The School of Computing plans to strengthen its research capabilities in software engineering and conduct collaborative research on software design and testing to enhance the reliability and safety of AI-based software systems through the invitation of Professor Gregg Rothermel. In particular, he is expected to participate in the Big Data Edge-Cloud Service Research Center (ITRC, total research budget of 6.7 billion KRW over 8 years) led by Professor In-Young Ko of the School of Computing, and the Research on Improving Complex Mobility Safety (SafetyOps, Digital Columbus Project, total research budget of 3.5 billion KRW over 8 years), contributing to resolving uncertainties in machine learning-based AI software and advancing technology.
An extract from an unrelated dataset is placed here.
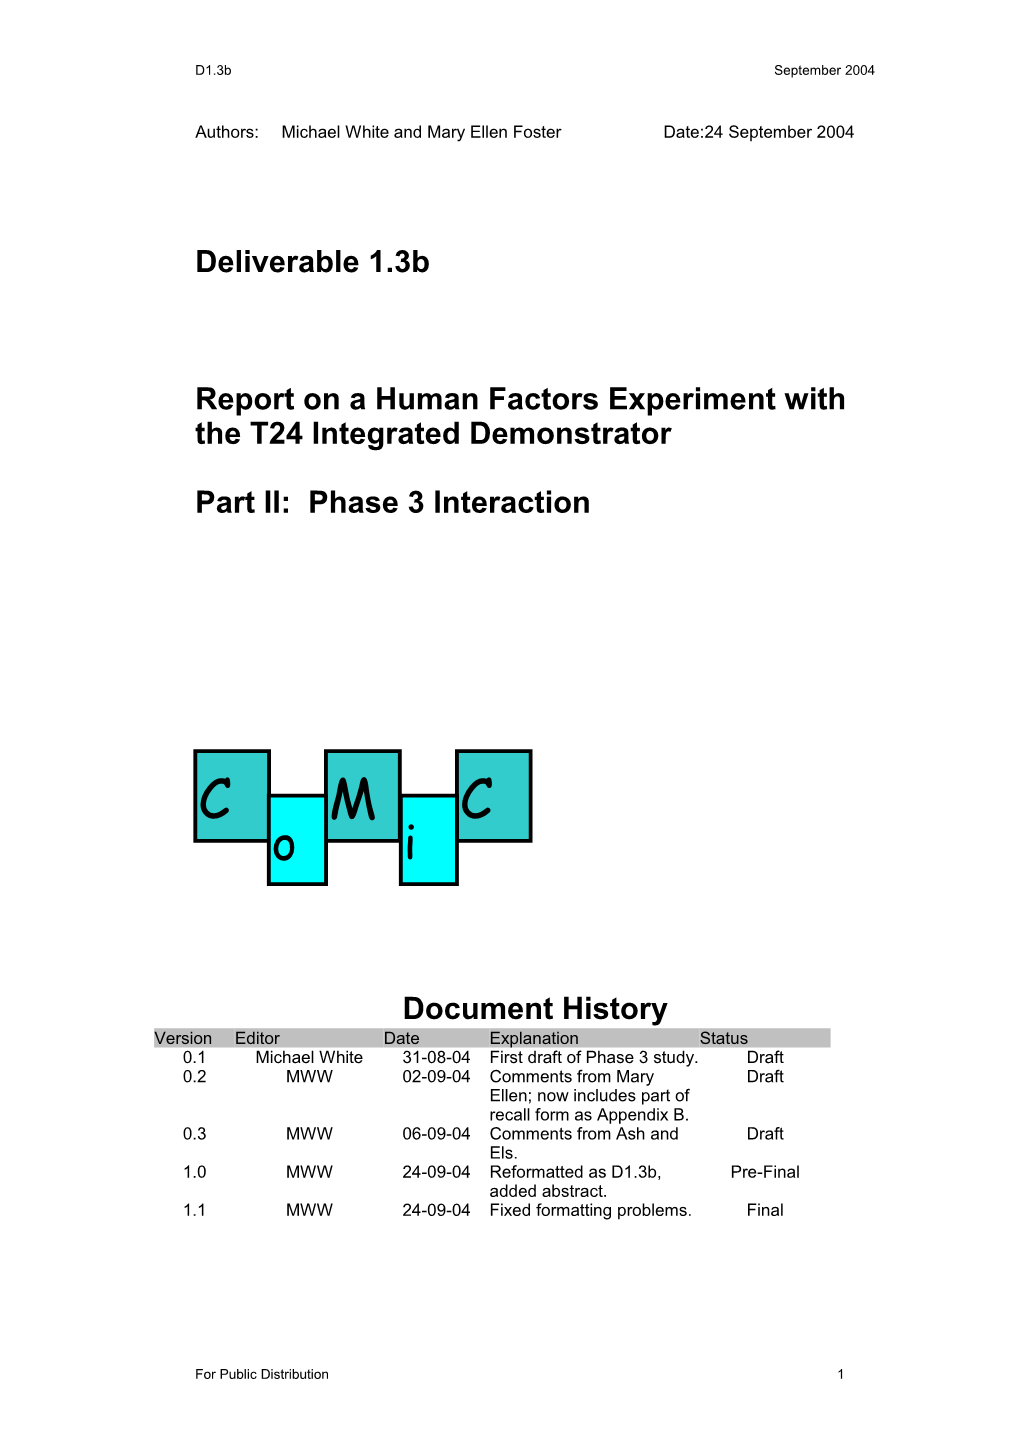 Report on a Human Factors Experiment with the T24 Integrated Demonstrator Part II: Phase

Dr. Sang H. Choi, a global expert in space exploration and energy harvesting, has worked at NASA Langley Research Center for over 40 years, authoring over 200 papers and reports, holding 45 patents, and receiving 71 awards from NASA. In 2022, he was inducted into the 'Inventors Hall of Fame' as part of NASA's Technology Transfer Program. This is a rare honor, recognizing researchers who have contributed to the private sector dissemination of space exploration technology, with only 35 individuals worldwide selected to date. Dr. Choi's extensive work at NASA includes research on advanced electronic and energetic materials, satellite sensors, and various nano-technologies.
Dr. Choi plans to collaborate with Associate Professor Hyun-Jung Kim (former NASA Research Scientist, 2009-2024), who joined the Department of Aerospace Engineering in September of 2024, to lead the development of core technologies for lunar exploration (energy sources, sensing, in-situ resource utilization ISRU).
KAIST President Kwang Hyung Lee stated, "It is very meaningful to be able to invite these world-class scholars. Through these appointments, KAIST will further strengthen its global competitiveness in research in the fields of advanced convergence technology such as bio-convergence electronics, AI software engineering, and space exploration, securing our position as the leader of global innovations."